We also switched the Ambassador internals to use Envoy’s v2 Aggregated Discovery Service (ADS) APIs to load configuration into the Envoy process instead of relying on the previous approach of using a hot restart. This completely eliminated the requirement for restart on configuration changes, which we found could lead to the dropped connection under high loads or long-lived connections, such as gRPC streams or WebSockets.
The new internal Ambassador configuration process now looked something like this:
Moving to a “programmable edge” is beneficial, but you will need to adapt your developer experience or “DevEx” in order to fully take advantage of this new technology.
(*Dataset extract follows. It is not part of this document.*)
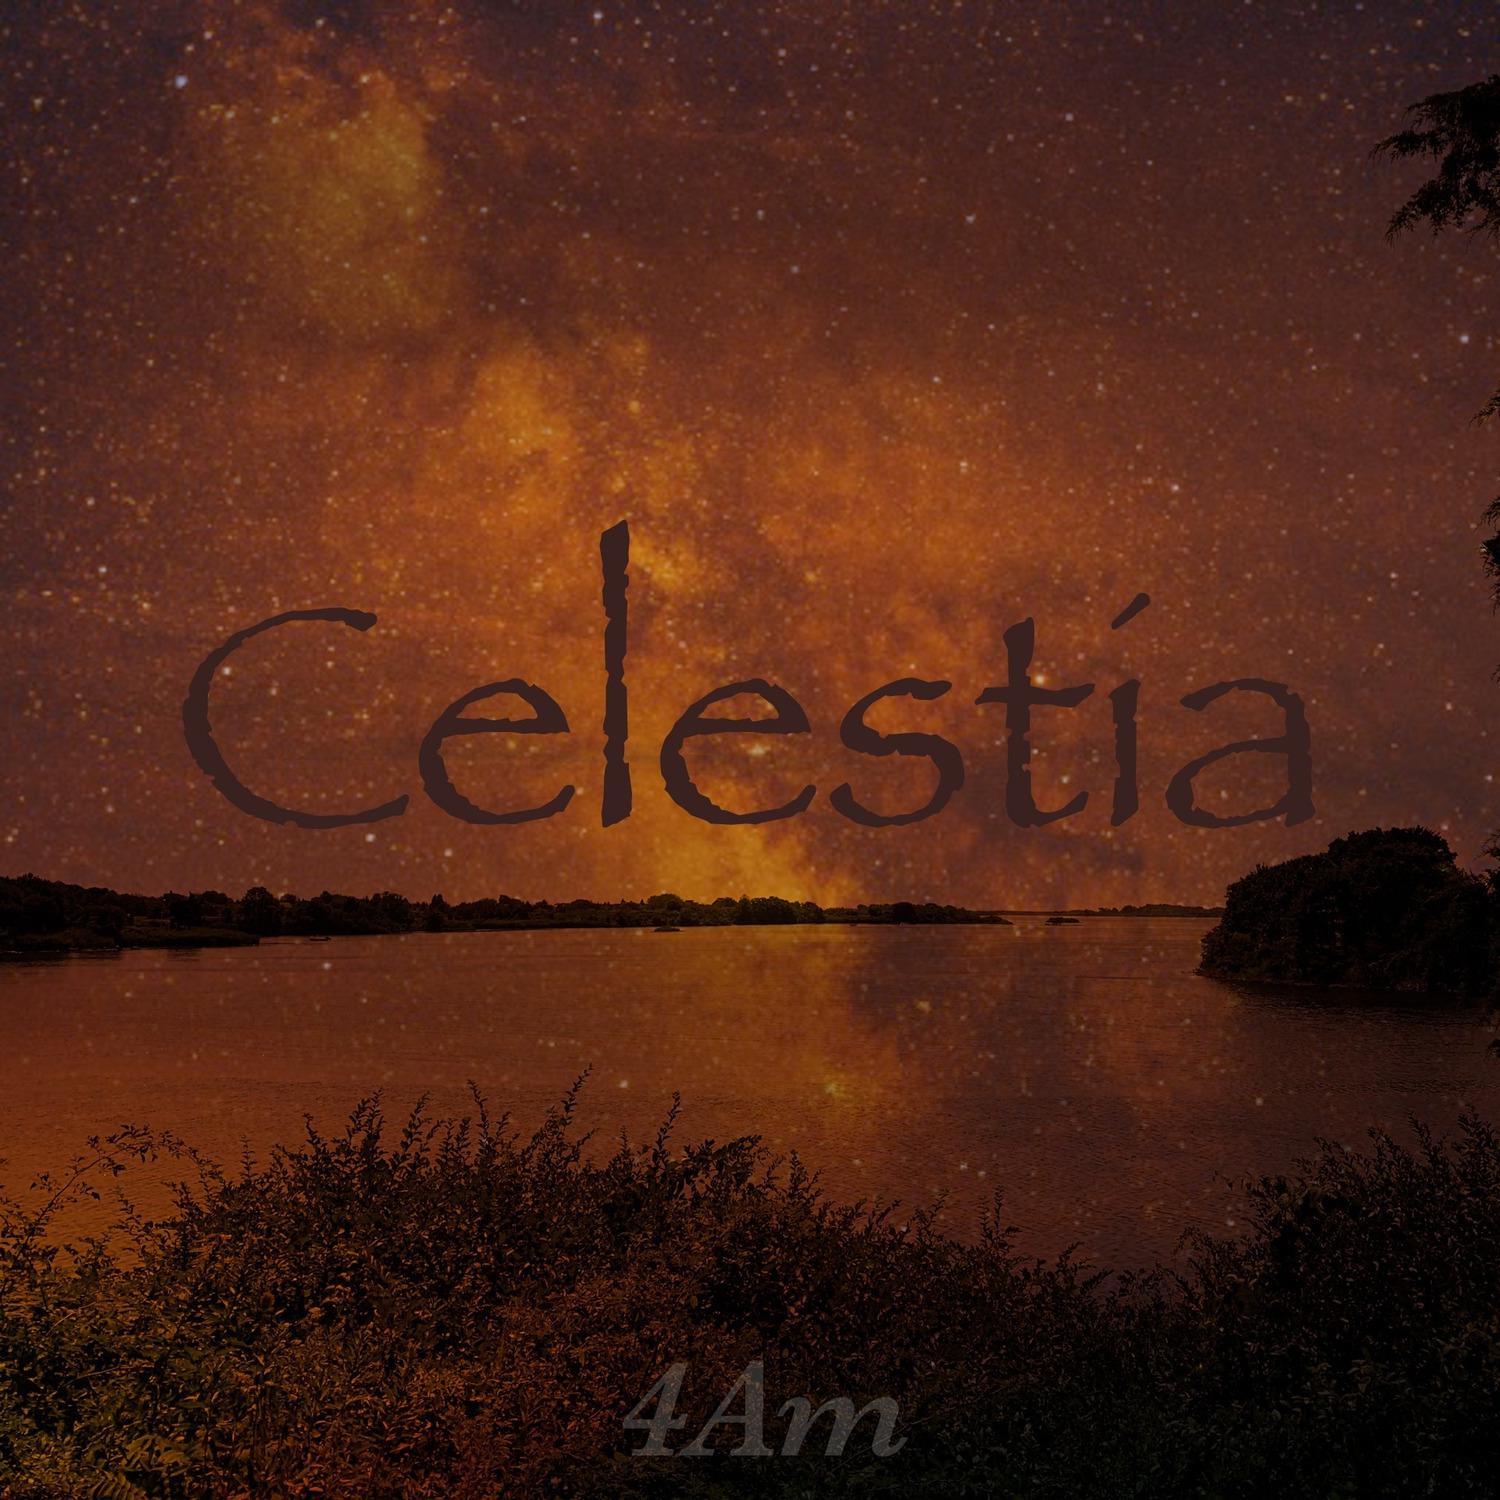 Celestia - 4am

Modern architectures and technologies like microservices and containers allow engineers to build and release functionality quickly, but the supporting underlying infrastructure also needs to adapt.
In particular, modern engineering workflows make the edge of your network more dynamic — rapidly changing business functionality is exposed here via independent decentralized product-focused teams, and external threats such as man-in-the-middle attacks or DDoS need to mitigated by centralized operations teams. By using tooling like Ambassador, which acts as an edge-focused control plane for the Envoy Proxy, in tandem with using new workflow approaches like GitOps, I believe this will go some way in helping to address some of the challenges discussed.